U.S. voters will go to the polls for midterm elections Nov. 4, and no matter what the final tally turns out to be, the result will be more of the same paralysis and political dysfunction we have seen over the last six years.

     The bad news is that the situation is likely to worsen, the closer we come to the next presidential election in November 2016. This sorry state of affairs is particularly troubling for Asia, for several reasons. But first, it is important to understand the rationale for this gloomy prognosis.

     In the midterms, President Barack Obama's Democratic Party looks set to lose crucial seats in the Senate, which has been under Democratic control since 2007 and has given the White House a bulwark against the right-wing extremism of the Republican-led, Tea Party-controlled House of Representatives.

     Republican gains in the Senate on Nov. 4 are a given.
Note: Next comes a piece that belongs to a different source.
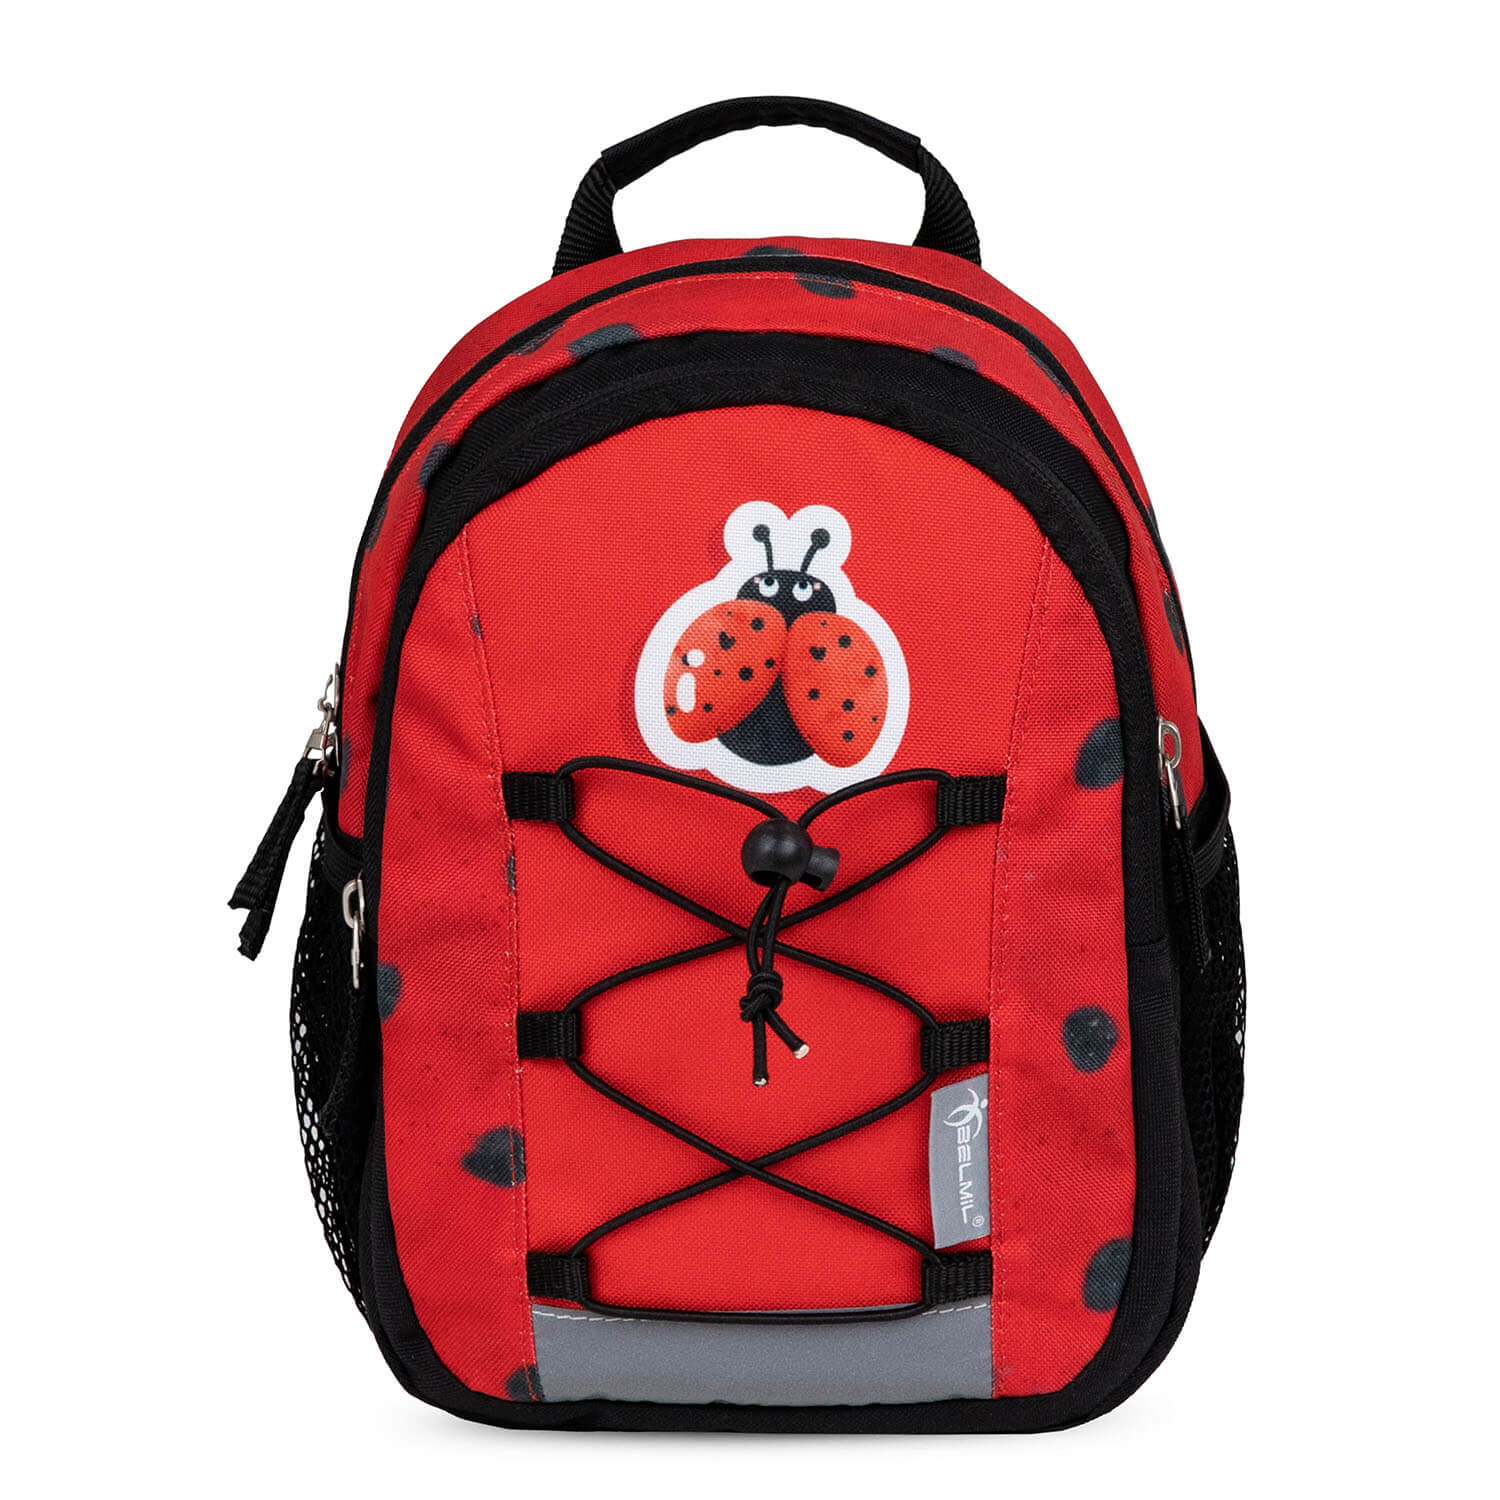 Kindergartenrucksack "Ladybug" für 1-3 Jährige Kinder Rucksack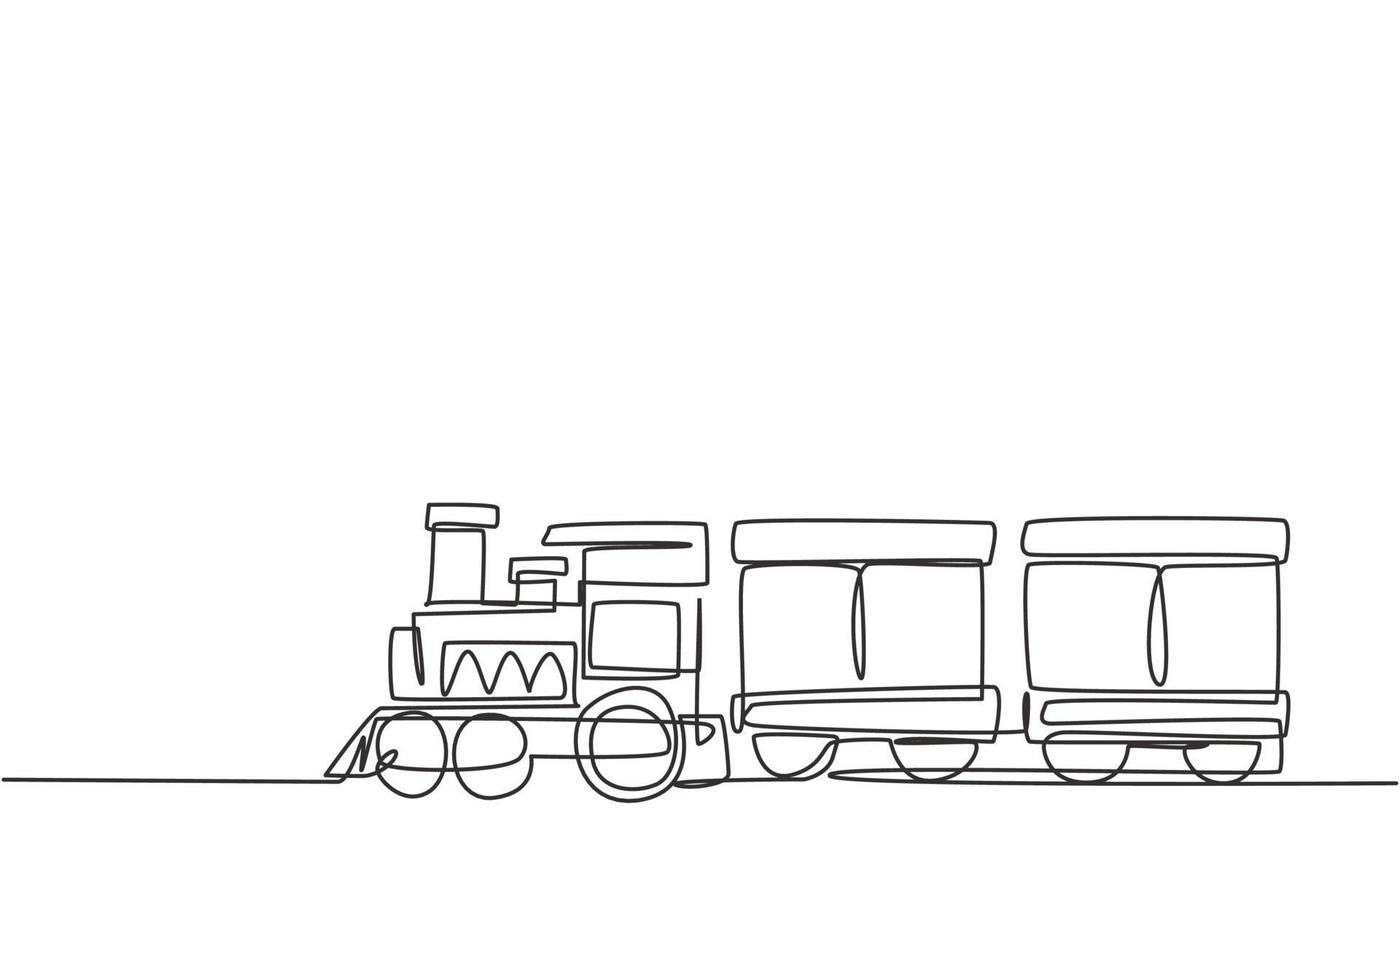 desenho de linha única de uma locomotiva de trem com dois vagões na forma de um sistema de vapor móvel em um parque de diversões para o transporte de passageiros. ilustração em vetor gráfico desenho linha contínua

The only question is whether they will find the additional six seats needed to form a new GOP majority. The answer may not even be known on election night, as several close contests may be decided by recounts or runoffs.

     The truth is, it doesn't really matter.

     Whether the Democrats manage to defy predictions and hold onto their Senate majority, or whether the Republicans seize control of the upper chamber, whoever comes out ahead will command the thinnest of majorities. Regardless of the outcome, the last six years have shown that, under the Senate's arcane rules, a determined minority can gum up the works, stall legislation indefinitely and make sure nothing substantial gets done.

     The Republicans already have plans to use their expected majority to pass all kinds of bills, pushing their pet projects and challenging Obama to veto them. But Democrats, in the minority, are likely to prove just as adept as the Republicans at obstructing the normal functioning of the legislature and making sure few noxious bills ever reach the president's desk.

     As soon as the November dust settles, and before the first snows of winter start to fall, candidates for the 2016 presidential election will start announcing their intentions, forming exploratory committees, raising millions of dollars and launching what is known in political circles as "the invisible primary." This is the period when serious candidates begin soliciting funds, organizing their campaign teams and road-testing their ideas and stump speeches. This crucial runup period now typically begins two years or more before election day.

     Now consider this. Among the six or so top-tier Republican candidates vying to succeed Obama, three are sitting senators: Marco Rubio of Florida, Rand Paul of Kentucky and Ted Cruz of Texas. Imagine any of them wanting to work with Obama to get anything accomplished over the two years leading up to the 2016 election. The more likely scenario is a Republican-run Senate trying to pass legislation that is certain to be either filibustered by the Democratic minority, or vetoed by Obama -- all to lay out the contrasts and positions for the 2016 presidential race.

     That is not exactly a recipe for effective governance.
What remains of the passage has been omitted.